Required action — Please write out the listing exactly, leaving each picture out.

Information provided —
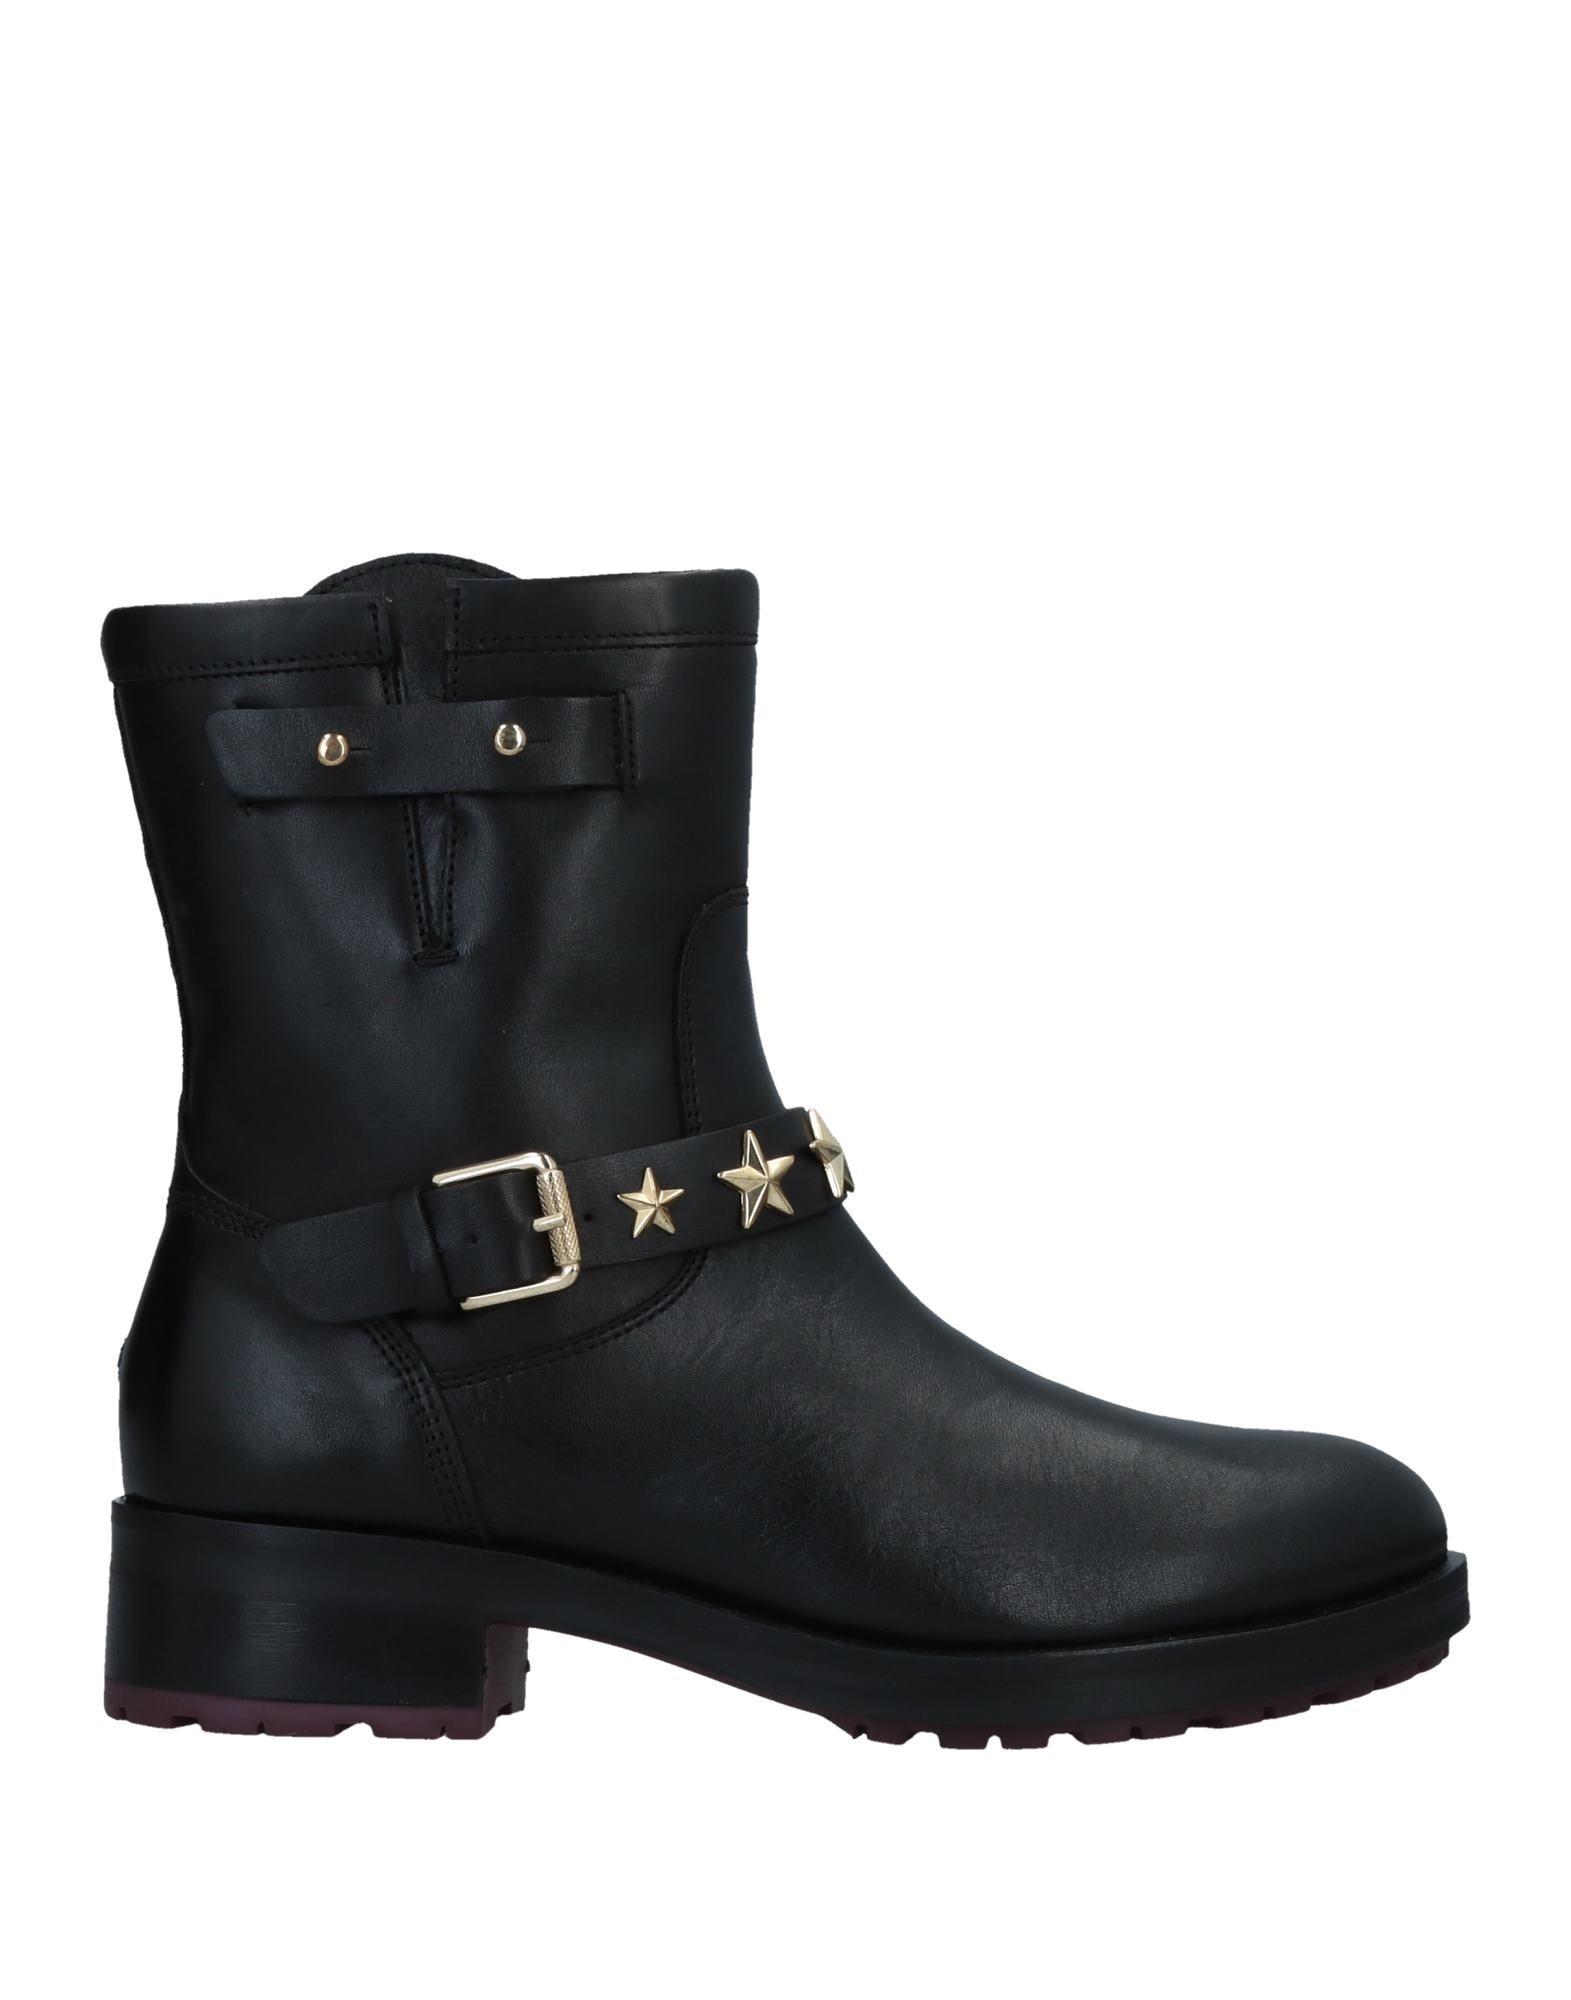 Stilvolle billige Schuhe Tommy 11508374LF Hilfiger Stiefelette Damen  11508374LF Tommy e23695
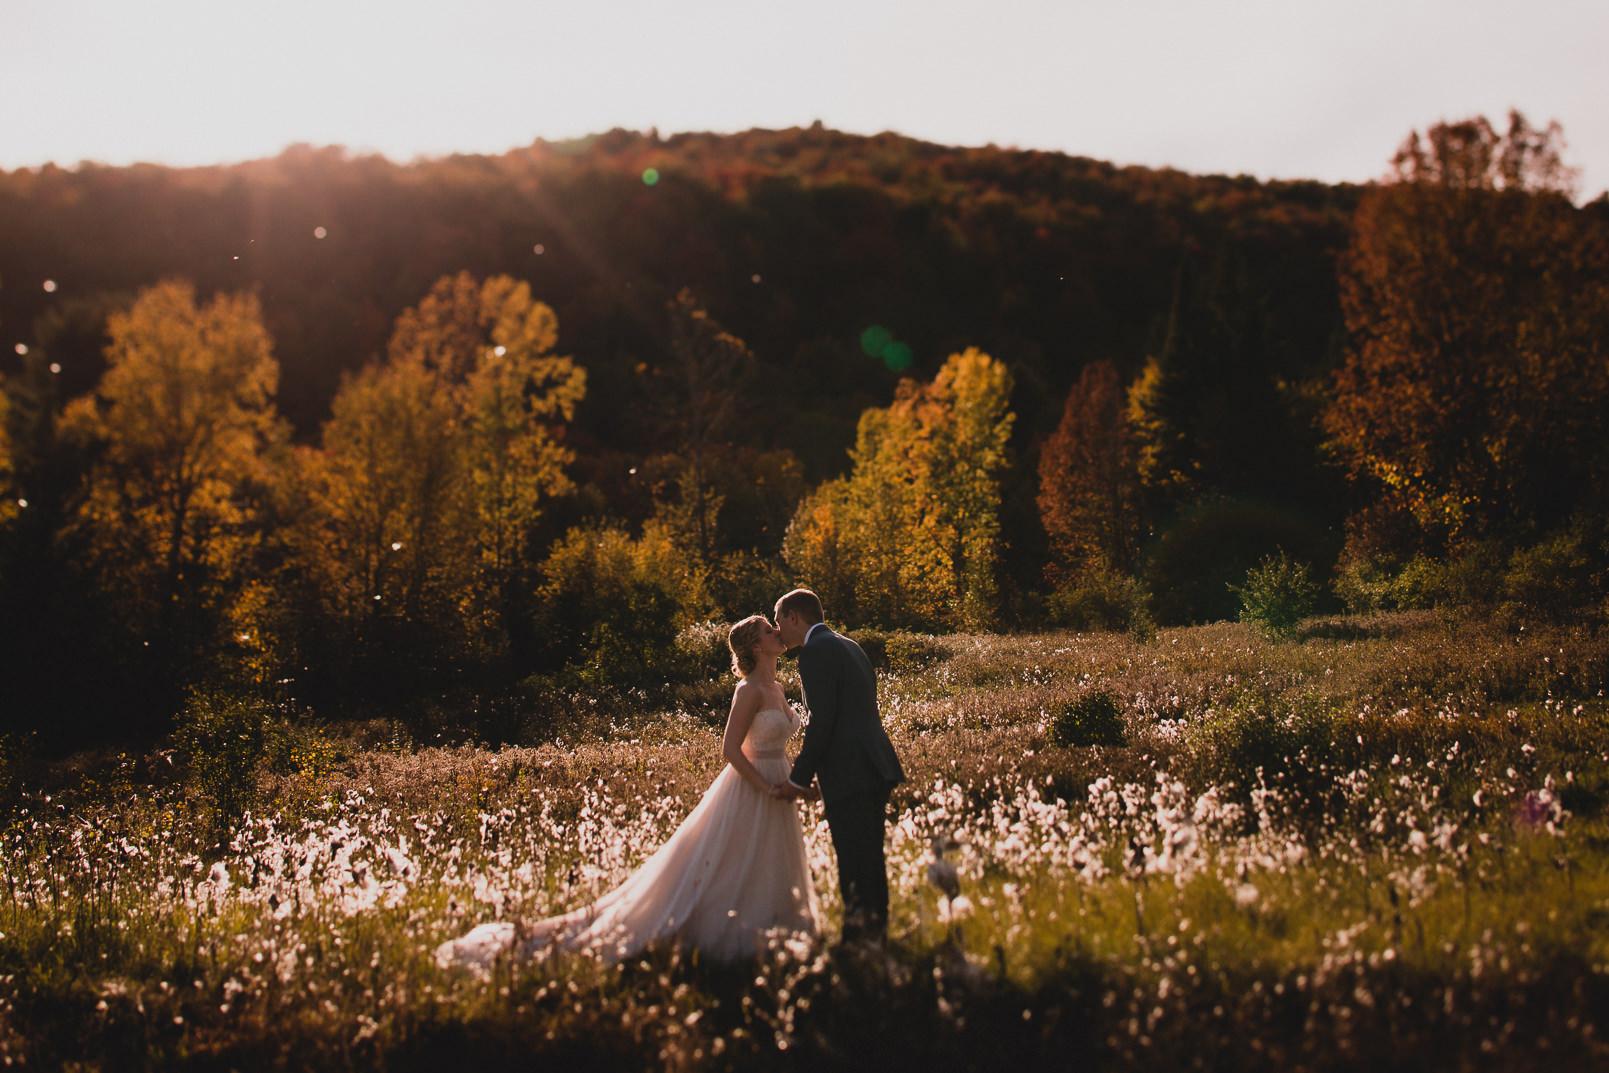 017-Jonathan-Kuhn-Photography-Wedding-_mini.jpg
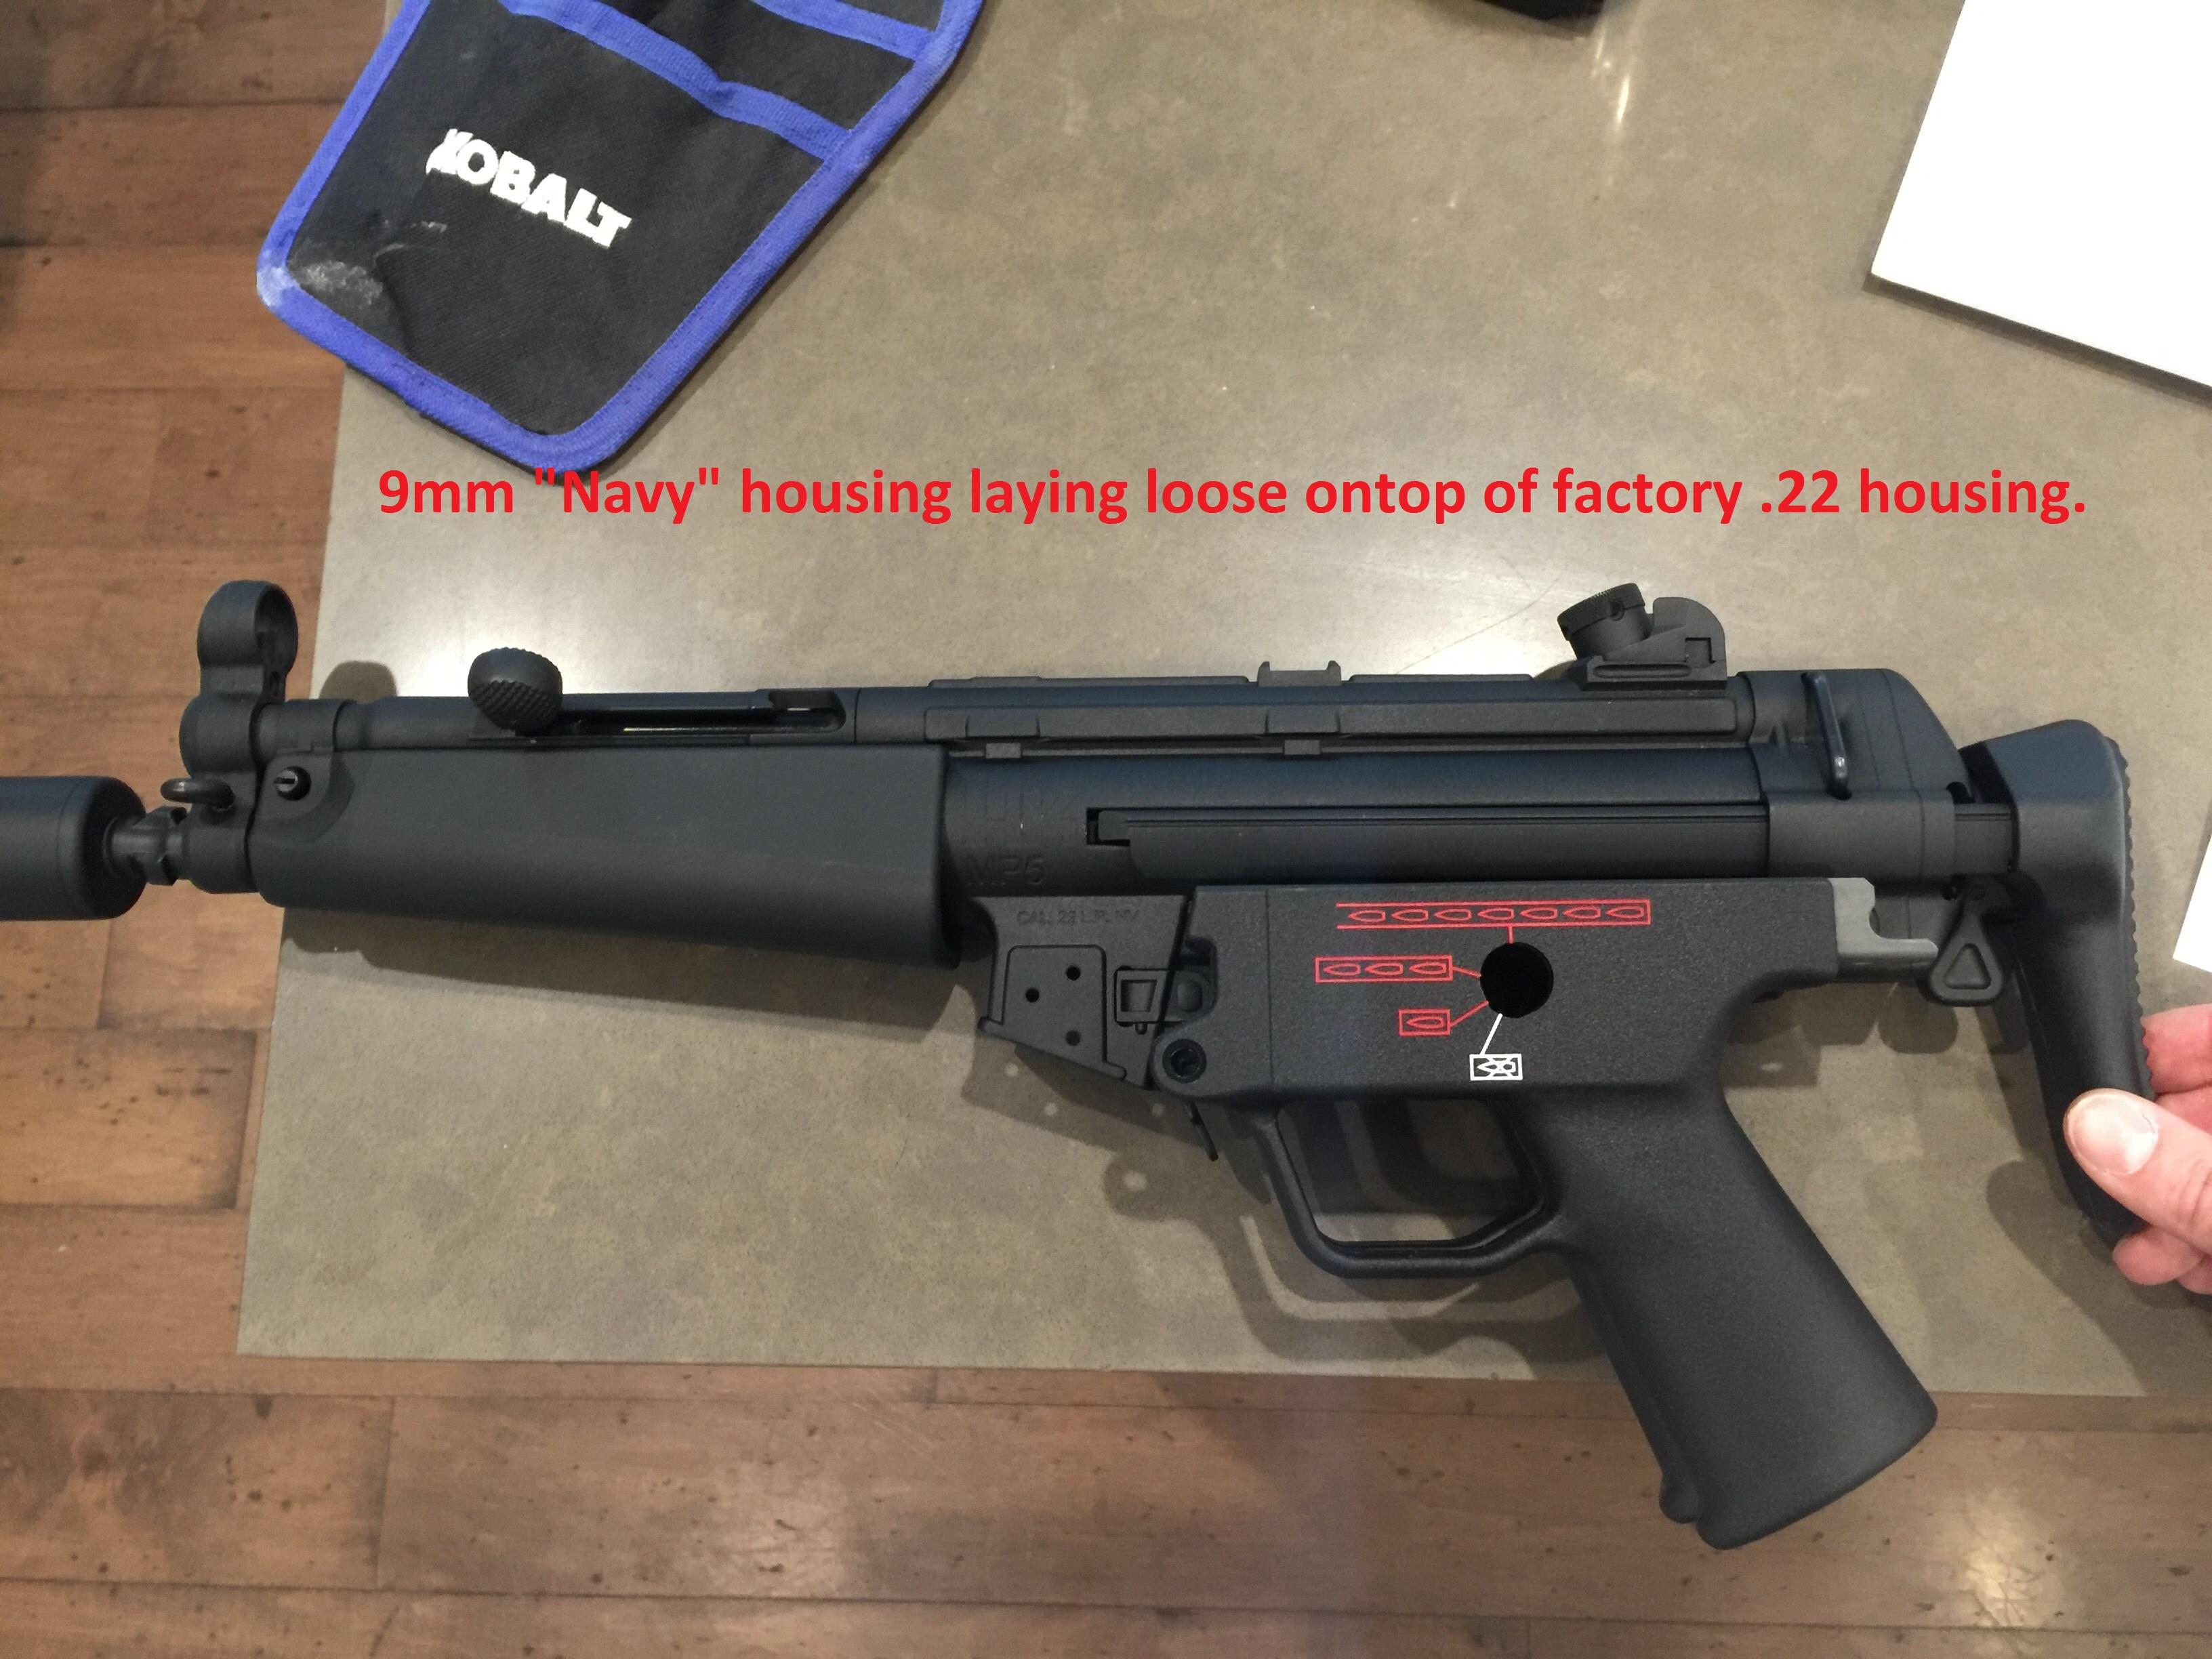 Adding genuine Navy trigger housing to Walther MP5-22-fullsizerender1.jpg

Solution to this problem —
 Stilvolle billige Schuhe Tommy 11508374LF Hilfiger Stiefelette Damen  11508374LF Tommy e23695
 017-Jonathan-Kuhn-Photography-Wedding-_mini.jpg
 Adding genuine Navy trigger housing to Walther MP5-22-fullsizerender1.jpg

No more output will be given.